CIPP future of payroll survey report 2019


Has your payslip distribution method changed as a result of GDPR? GDPR has had wide-ranging impacts since May 25 2018 so this question was posed to see if the payslip distribution has been changed. Only 21.94% of respondents stated that it had.

Has the information on your payslip changed as a result of GDPR? Only five percent answered that it had changed because of GDPR so there appears to be little impact in that respect.

How do you normally distribute your payslips? Multiple answers were allowed to this question, to reflect the fact organisations can, and it appears they still do, use different ways of delivering payslips to employees.

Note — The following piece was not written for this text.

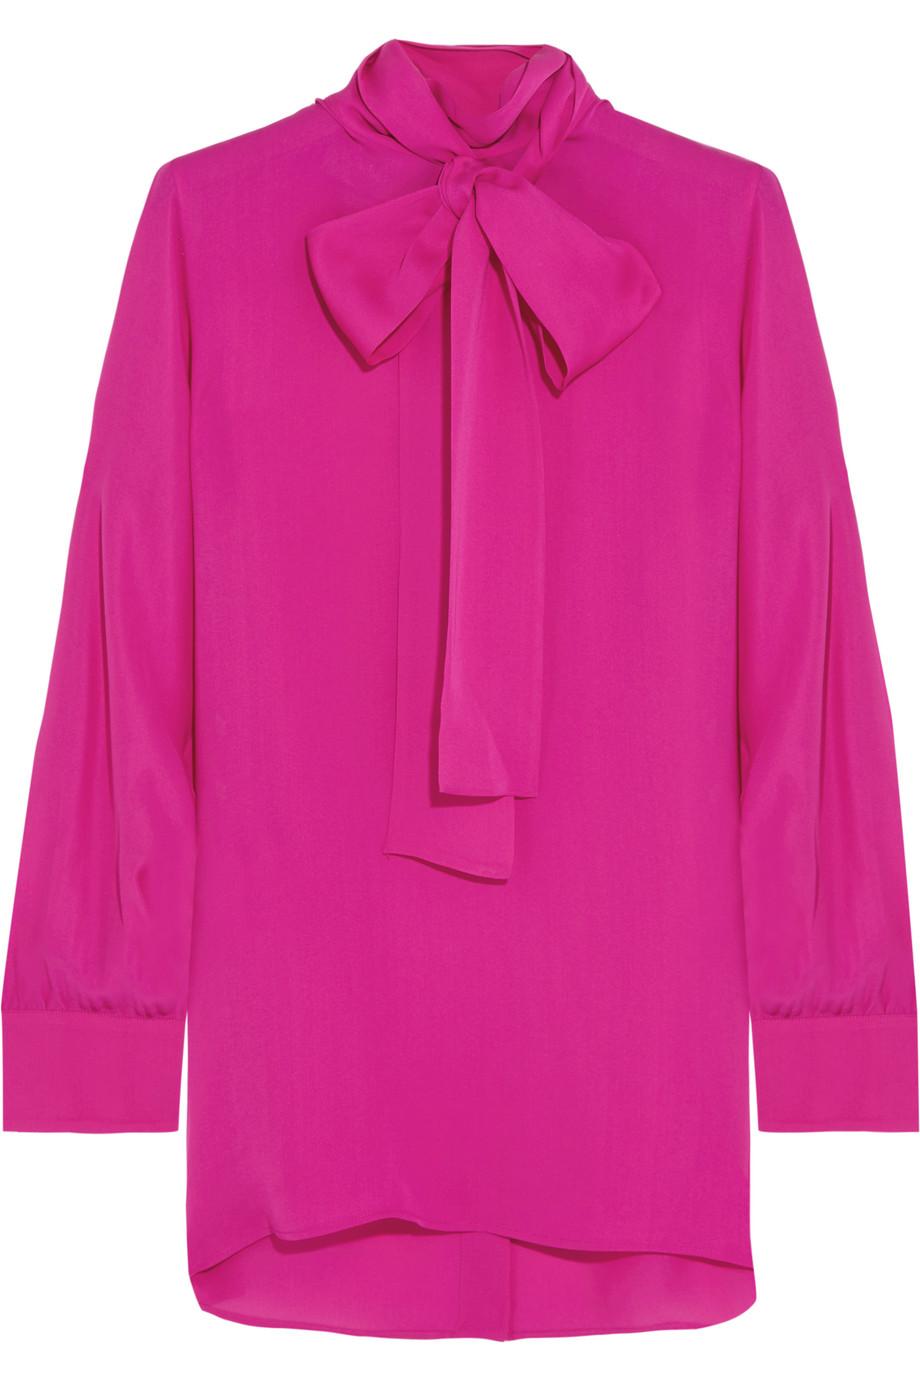 Gucci Pussy-Bow Silk Crepe De Chine Shirt, Fuchsia, Women's, Size: 42
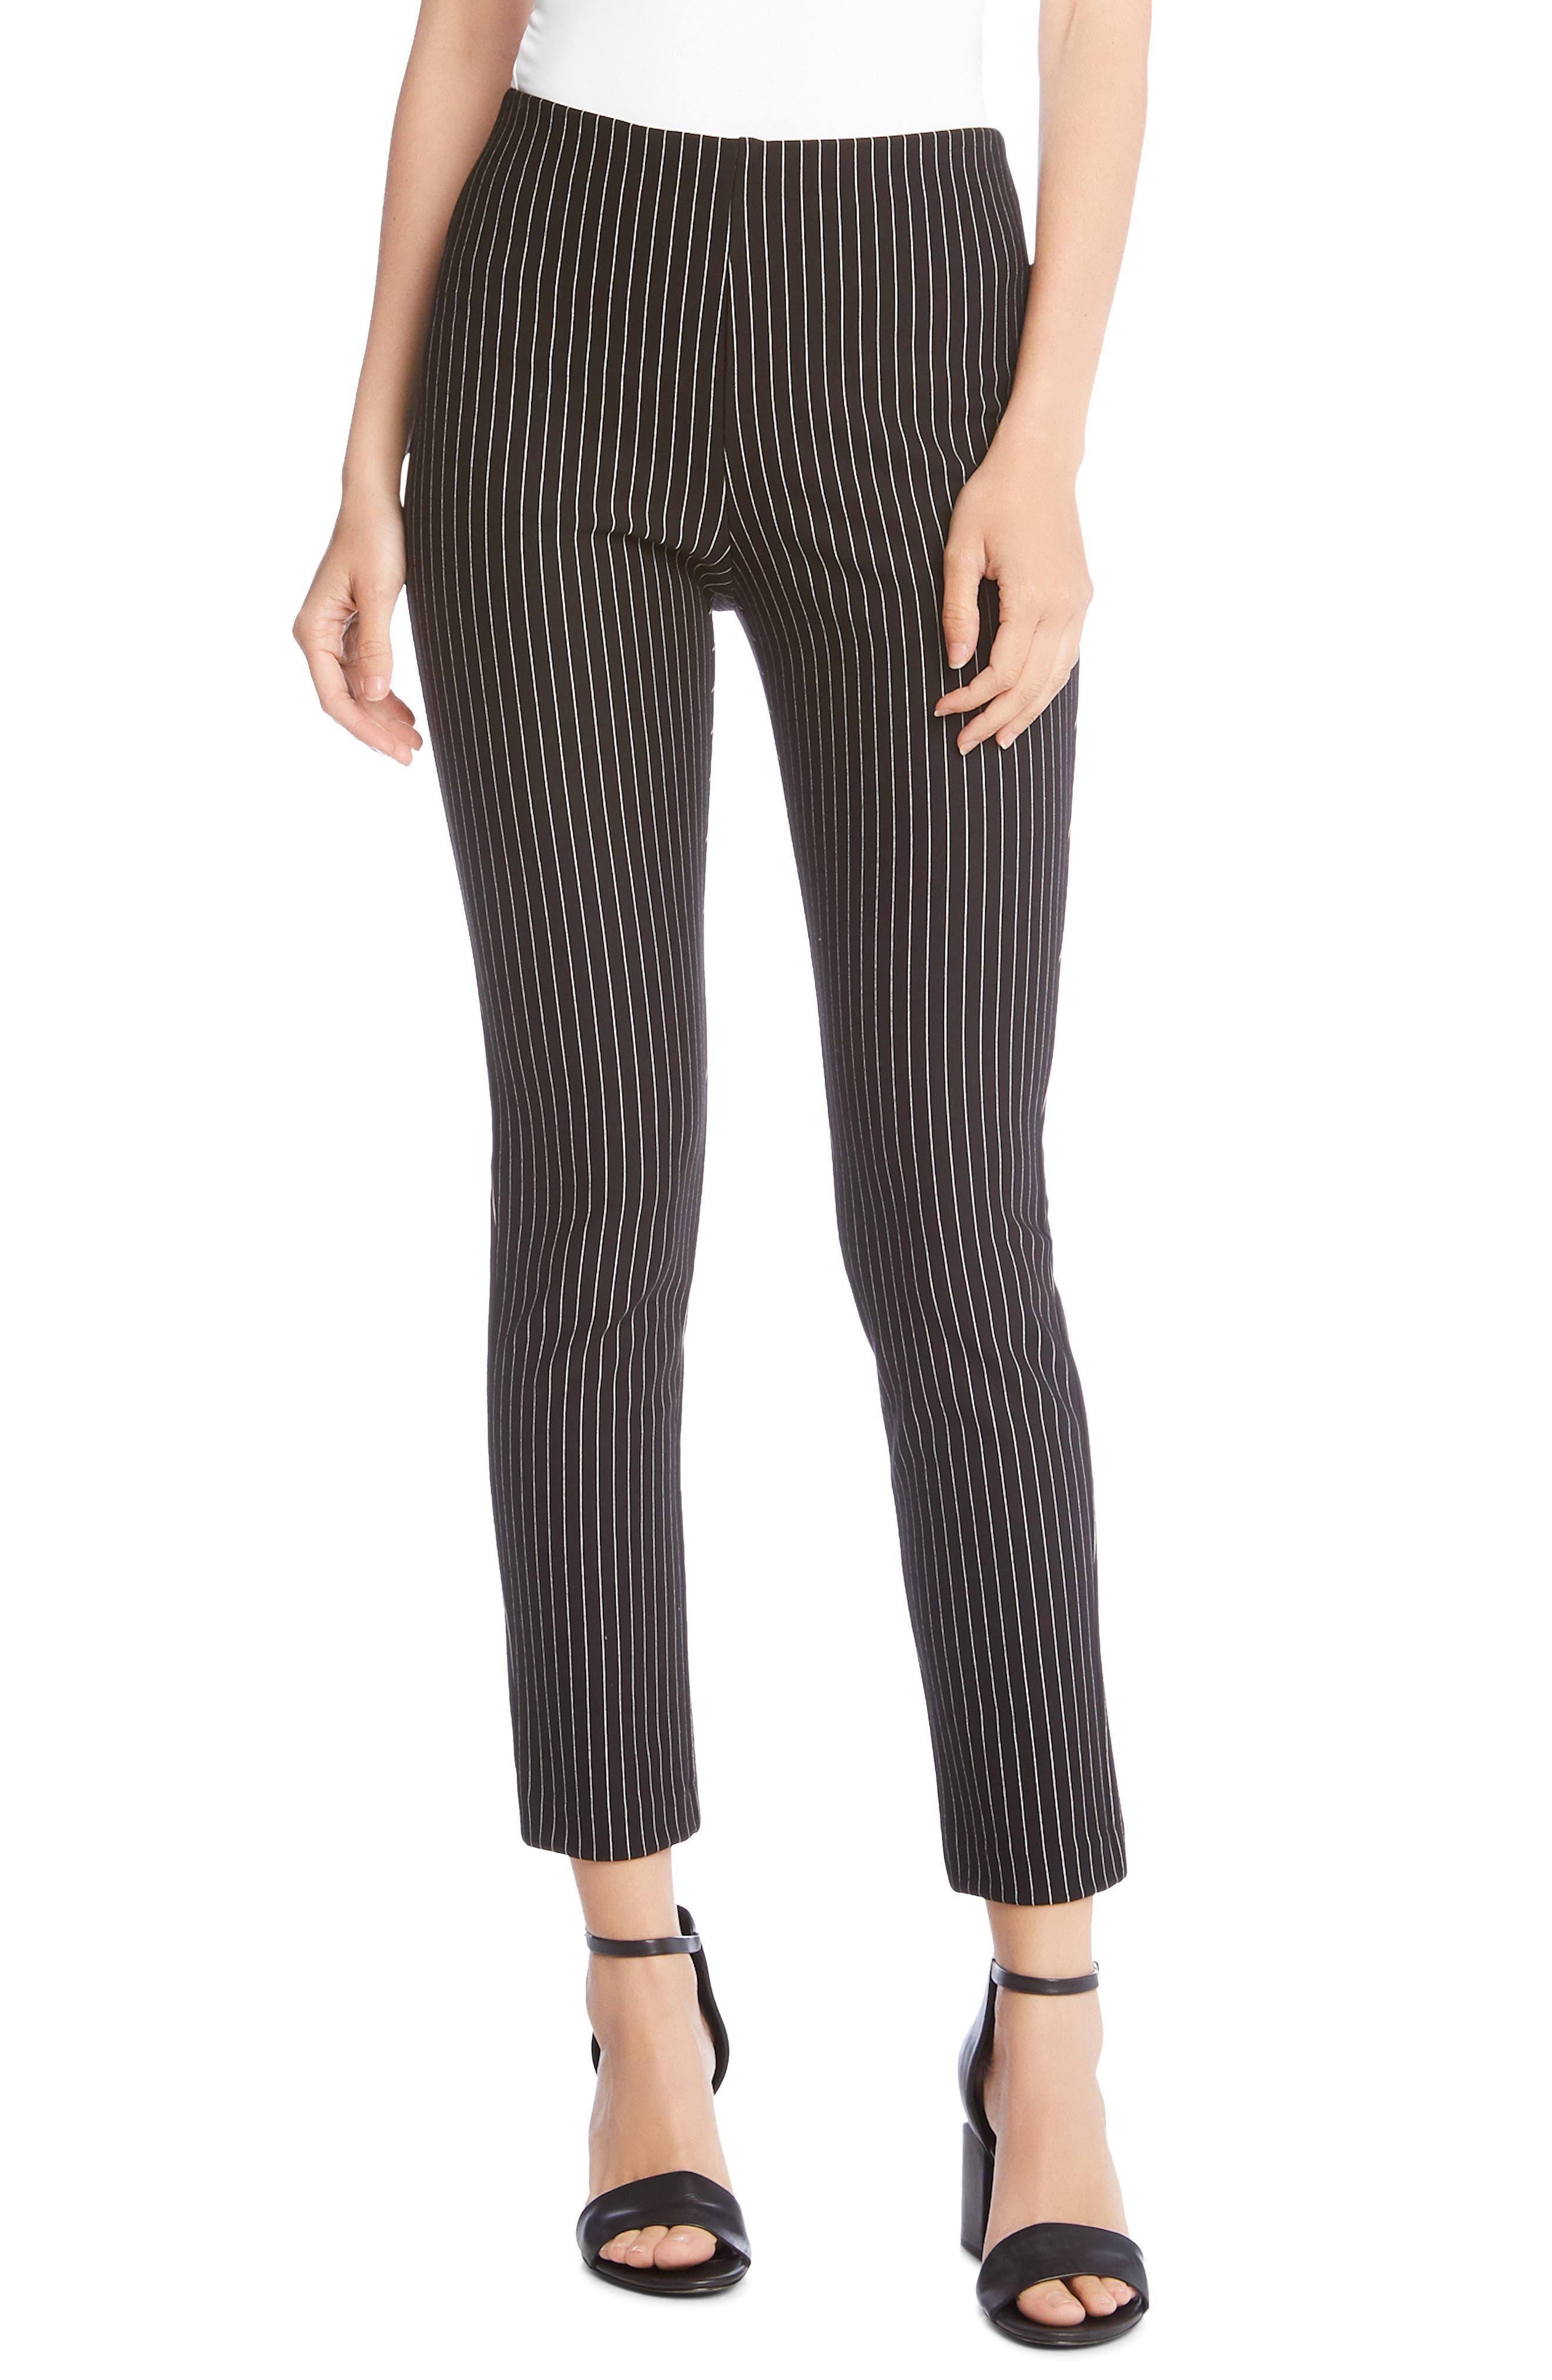 KAREN KANE, Piper Stripe Ankle Skinny Pants, Main thumbnail 1, color, 011

60.22% 40.06% 35.36% 19.34% 12.43% 11.05% 6.91%

The most common delivery method today is ‘self-service’ (employees’ access via a computer, laptop or mobile device) ( 60.22% ) and with the advent of more and more technological advances, you can really see this increasing. It would be interesting to understand if the GDPR influenced the rise in self-service use this year: as payroll sought a secure way to present information to employees. It may be, that mobile device use is the greatest attraction: Payroll taking advantage of our obsession as adults with mobiles and tablets. It’s no surprise that the second most common method is still ‘posted’ ( 40.06% ); currently there are still employees who need to have their payslip posted. Typically employees need print because a) they aren’t licensed users, or have regular access to, the system that hosts epayslips or b) they work in an environment where they can’t access the epayslip securely during working hours and it isn’t available at home or on the go. c) they still want - or in the case of employees with visual impairments need a physical payslip. For those respondents who are still using this method can you identify the reasons print is still needed and seek ways to reduce it or automate it (asking a secure supplier to help you get more employees online or to print and mail payslips for you? Printing and posting is expensive and time consuming and one area you can automate to free resource for more strategic tasks. In third place is the use of ‘email’ ( 35.36% ). Given concerns on data protection reflected in this report and the inherent risks associated with email i.e. what if someone’s unencrypted and non-password protected payslip goes to the wrong person or the password protected file is intercepted and hacked, this is a concerning statistic. Those using this method should seek assurances from security professionals that the use of email doesn’t pose a data risk. The last four choices which were selected are ‘sent to departments for distribution’ ( 19.34% ), ‘hand delivered by payroll department’ ( 12.43% ), ‘sent directly to clients for distribution’ ( 11.05% ) and ‘employee collects from payroll department/other designated area’ ( 6.91% ). It’s great to see there’s still a human element in the last four choices. However, is this really where payroll should be spending their time and how effective is this when you look at the other methods of distribution? Is this something employees still want?